Rawhide is pretty cheap, as it useless in rendering except for dogs. Lol Regardless of how its "fed" it is largely undigestible, and of no nutrition at all, and does nothing for the teeth because it gets soft when chewed. Rubber bones and even bullies do little to nothing for teeth. It has to be something hard that STAYS hard while chewed to be effective on scraping plaque and tarter from the teeth. The raw bones are far and away the best, but I hate marrow bones because they just lick the marrow out and then get the runs from it. Knucklebones and neck bones are awesome for those back teeth. Both have odd shapes and force the dog to literally scrape their teeth against the crevices and unevenness of the bones. My airedale and standard poodle will naw on them for hours and hours, and most of the time eventually eat them entirely. The place I mentioned has them in different sizes but I,always get the biggest, because that makes them fit their teeth around the bones and actually gnaw. If it fits IN their mouth its too small. Google A Place for Paws and fimd their website. Prices are listed. If you have a butcher around that can get them for you thats great too, just make sure they dont cut them up too much. I just feed the bullies because they are safe and keep them busy for a bit, but they get soft too, so do nothing for plaque and tarter. My poodle will be 6 next week, never needed a dental. Pearly whites, and poodles have terrible teeth.


----------



## kafkabeetle (Dec 4, 2009)

Graco22 said:


> Lol Regardless of how its "fed" it is largely undigestible, and of no nutrition at all, and does nothing for the teeth because it gets soft when chewed. Rubber bones and even bullies do little to nothing for teeth. It has to be something hard that STAYS hard while chewed to be effective on scraping plaque and tarter from the teeth.

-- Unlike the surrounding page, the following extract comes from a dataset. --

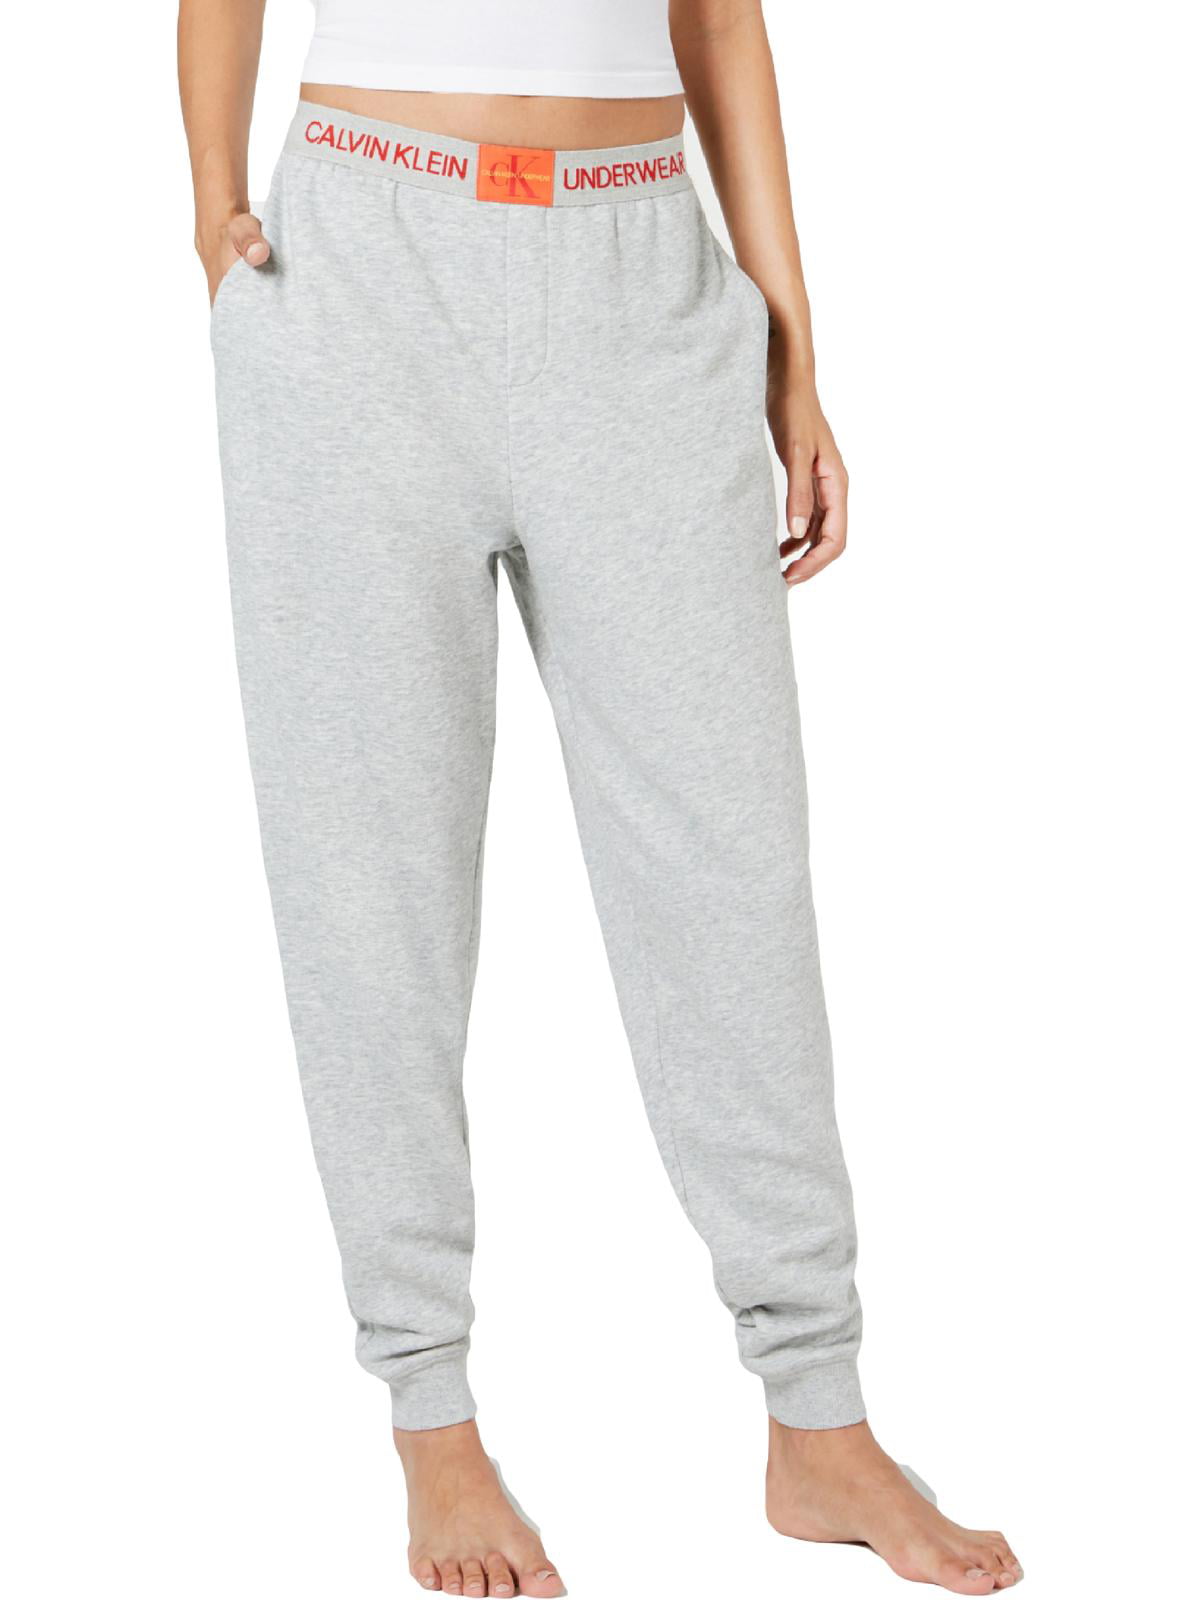 Calvin Klein Sleepwear Womens Nightwear Comfy Jogger Pants Gray S -  
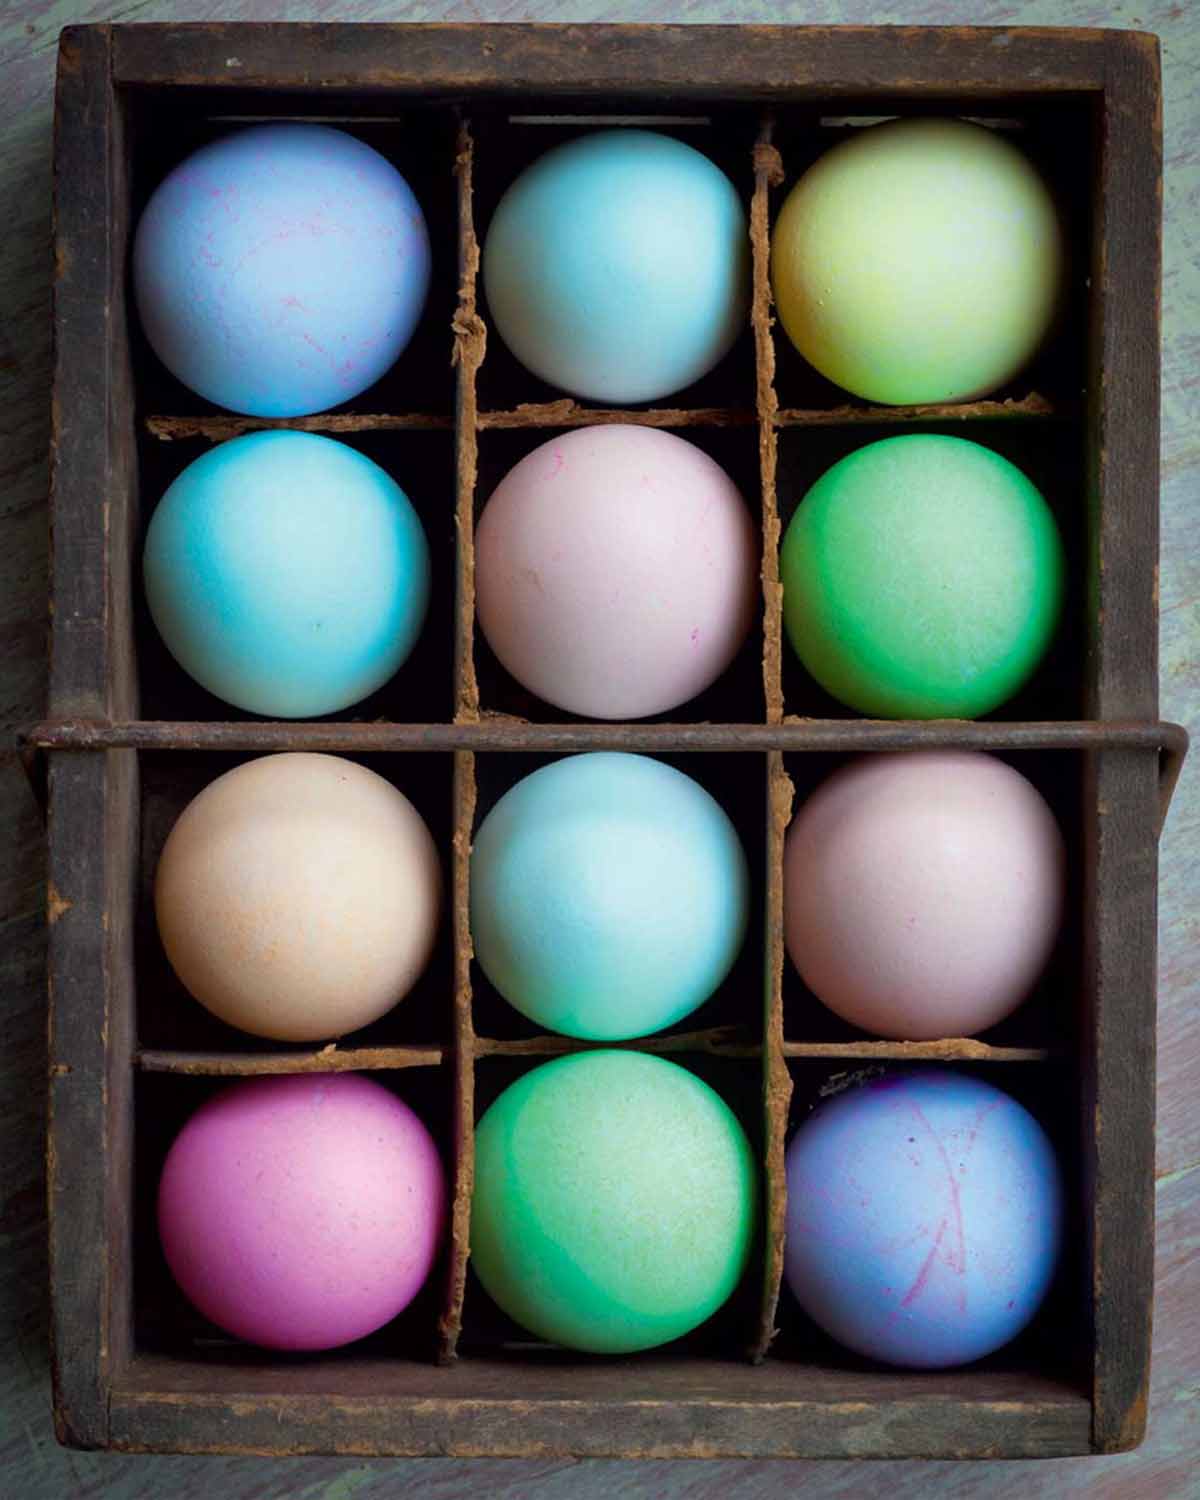 صندوق مليء بمجموعة متنوعة من بيض عيد الفصح المصبوغ.

Lol, that's why I brush her teeth. And it's not like I'm giving them to her as a meal. It's something fun for her to do.


----------



## Gally (Jan 11, 2012)

Gally gets the best teeth cleaning from his antler I think. They are a little expensive but he's had the same one for a year now and it is probably no less that half the size it started at. 

As for bullysticks, bought in bulk online they can be as cheap as 0.99 cents each for 6 inch sticks or 1.50 for 12 inch sticks. Buying them in stores is ridiculously expensive here, I've seen them for as much as 2-3$ per inch!


----------



## Husky+BC Mom (Jul 13, 2010)

While full out raw may be daunting for some... There's no reason why you can't supplement with a nice bone-in meat such as Chicken necks/backs or turkey necks. That will work the back teeth and the sides.

Before raw I used dental tools on my dogs teeth to pick off tartar. They didn't mind (some dogs probably would though) and I knew what I was doing. 

Petzlife didn't work for us. My dogs hated the taste and I didn't feel comfortable putting that stuff in their mouths every day...


----------



## WestieLove (Jan 29, 2012)

Brushing the teeth daily is the absolute best for dental care. It's not even as much the toothpaste as it is the brushing action. This is most effective and is what I recommend as a member of the veterinary team. 

Tartar Shield dental tabs (water additive) and chews. Greenie dental chews. Medical Medi-chews. ESSENTIAL healthymouth gel or water additive. These have recieved the veterinary oral health council approval and seem to be most effective to control plaque, tartar or both. http://www.vohc.org/accepted_products.htm 

There are dental diets out there by companies like Hills, Medi-cal or Purina Veterinary Diets. I'm not sure how members here feel about prescription diets but I will mention it.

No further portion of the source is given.